Saturday, December 4, 2010

Who is Sophie Scholl?

Her father Robert Scholl had credentials in taxation and law, though he most enjoyed reading All Quiet on the Western Front by Erich Remarque. During the First World War he took a pacifist stance and served as a member of the ambulance corps. Her mother was a Lutheran lay preacher.

In the spring of 1932 the family moved to Ulm where hills, caves, green fields and woods surrounded the city. Sophie wrote of her deep affinity with nature:

"I can never look at a limpid stream without at least dangling my feet in it. I cannot walk past a meadow in May. There is nothing more enticing than a fragrant piece of land...Luxuriant in its flowers, and I am knee-deep amid luscious grass and flowers... I press my face to the tree's dusky, warm bark and think 'My homeland', and I am so inexplicably grateful."--In Vinke, The Short Life of Sophie Scholl, pp. 27-28

“Tradition and Risk” is today the motto of Ulm.

Sophie became a trainee kindergarten teacher and was promptly beheaded at the age of twenty-one. That is, because she had social concern.

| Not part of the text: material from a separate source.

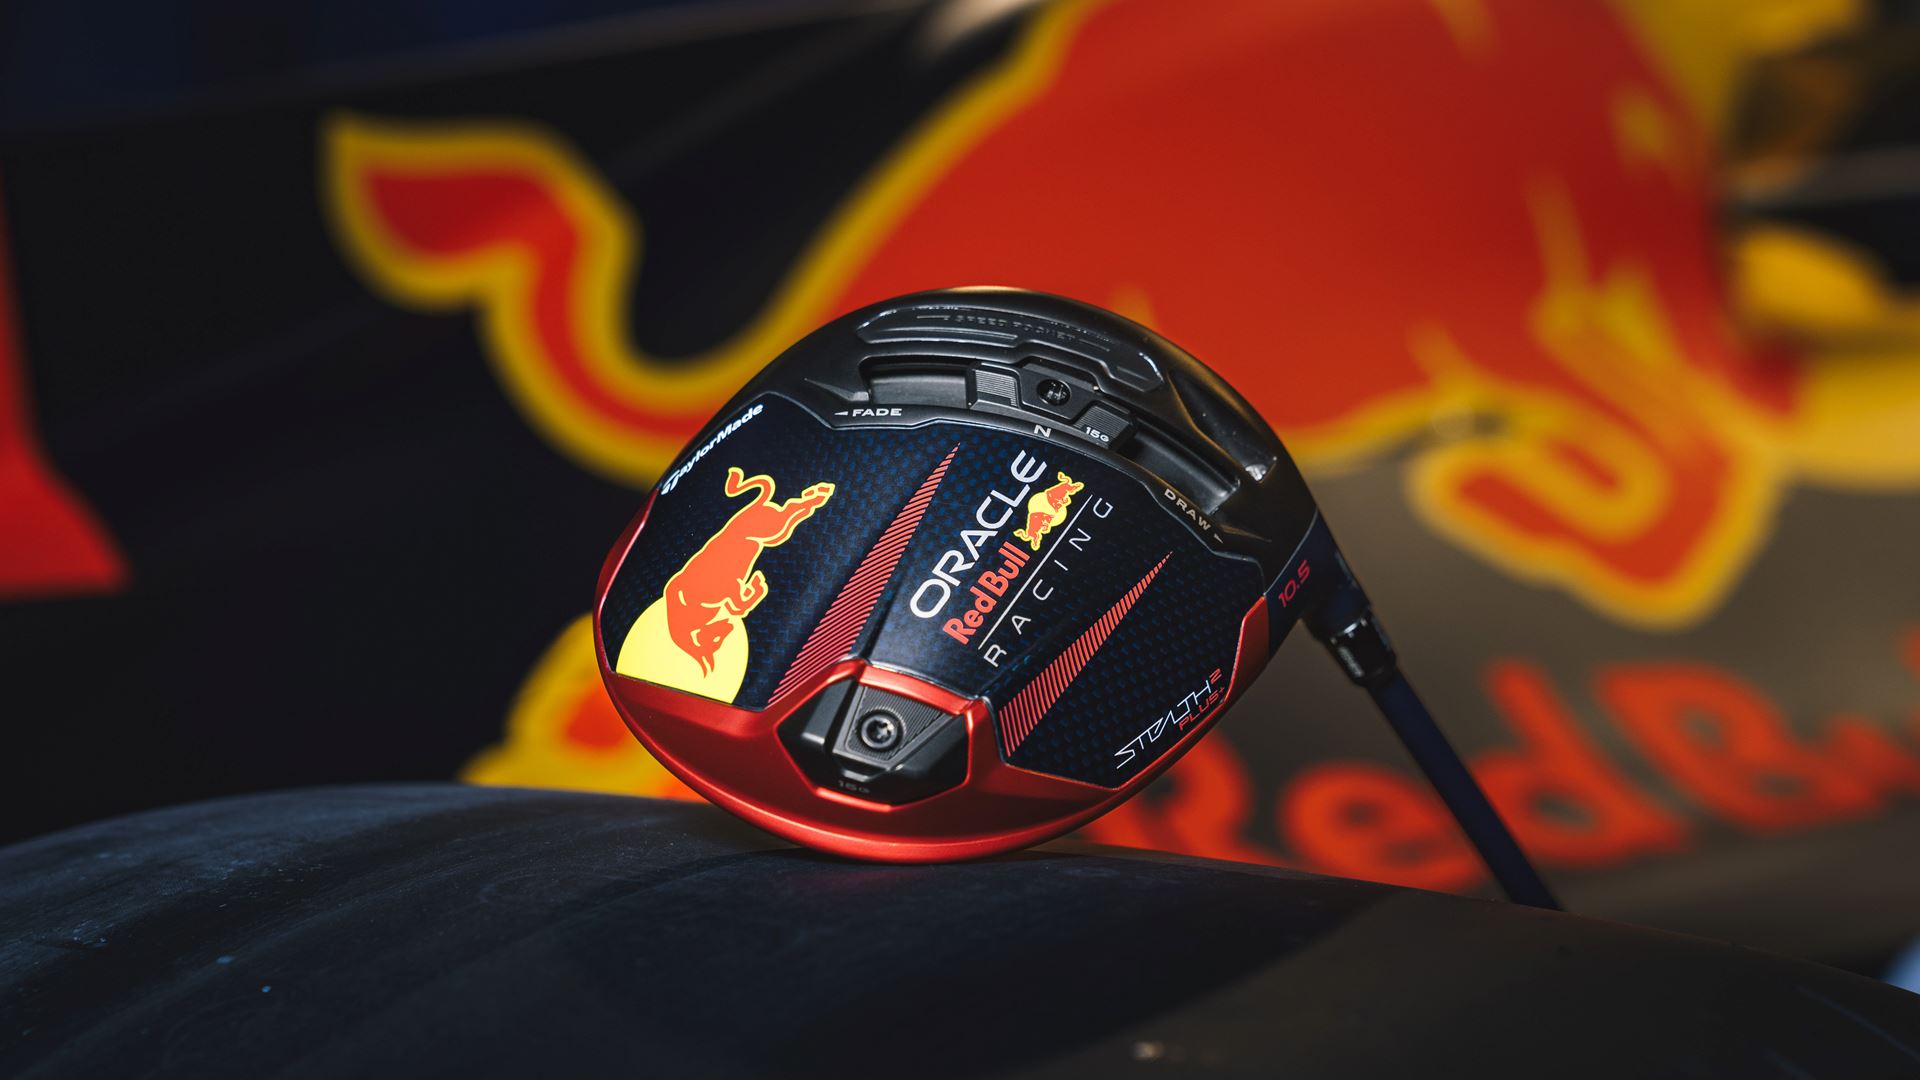 TaylorMade Golf Releases Products and Pricing For Limited

“I’d be lying if I told you that the children give me unadulterated pleasure. Almost every face conveys so clearly what it promises to become in future: in other words, the kind of people (Nazis) that exist today”. A letter to Fritz Hartnagel, 17 June 1940

The concern for the future of those children spurred her and the White Rose student resistance. God was a unifying factor for the members of the white Rose. “They all emphasized Christianity as the basis for moral regeneration in a post-Hitler Germany.” McDonough 95

Klaus Schlaier, interviewed by McDonough, is manager of Einstein-Haus which runs a photographic exhibition dedicated to the White Rose in Ulm. Sophie’s life, like the witness of the White Rose, was brief yet trenchant. Klaus Schlaier expanded on the aims of the group for the future of Germany. “They wanted a liberal idea of parliamentary democracy, which upheld basic rights: free speech, democratic elections, freedom of religion, free trade, toleration, a united Europe within Federal states. They were very international in outlook. They wanted a peaceful world, but they were also prepared to oppose tyranny and fight for human rights.“

The day of her sentencing Sophie made clear one desire, a single word written on the pamphlet she received in court: Freiheit (Freedom).

Thankfully we have more words to describe her. In Sophie Scholl: The real story of the woman who defied Hitler (2009) Frank McDonough writes, “Sophie in Ulm was nicknamed Baubamadle (tomboy), because of her ability to climb the tallest trees and her short boyish haircut.” She was an Amazon who transcended her times, a sign of hope for our own.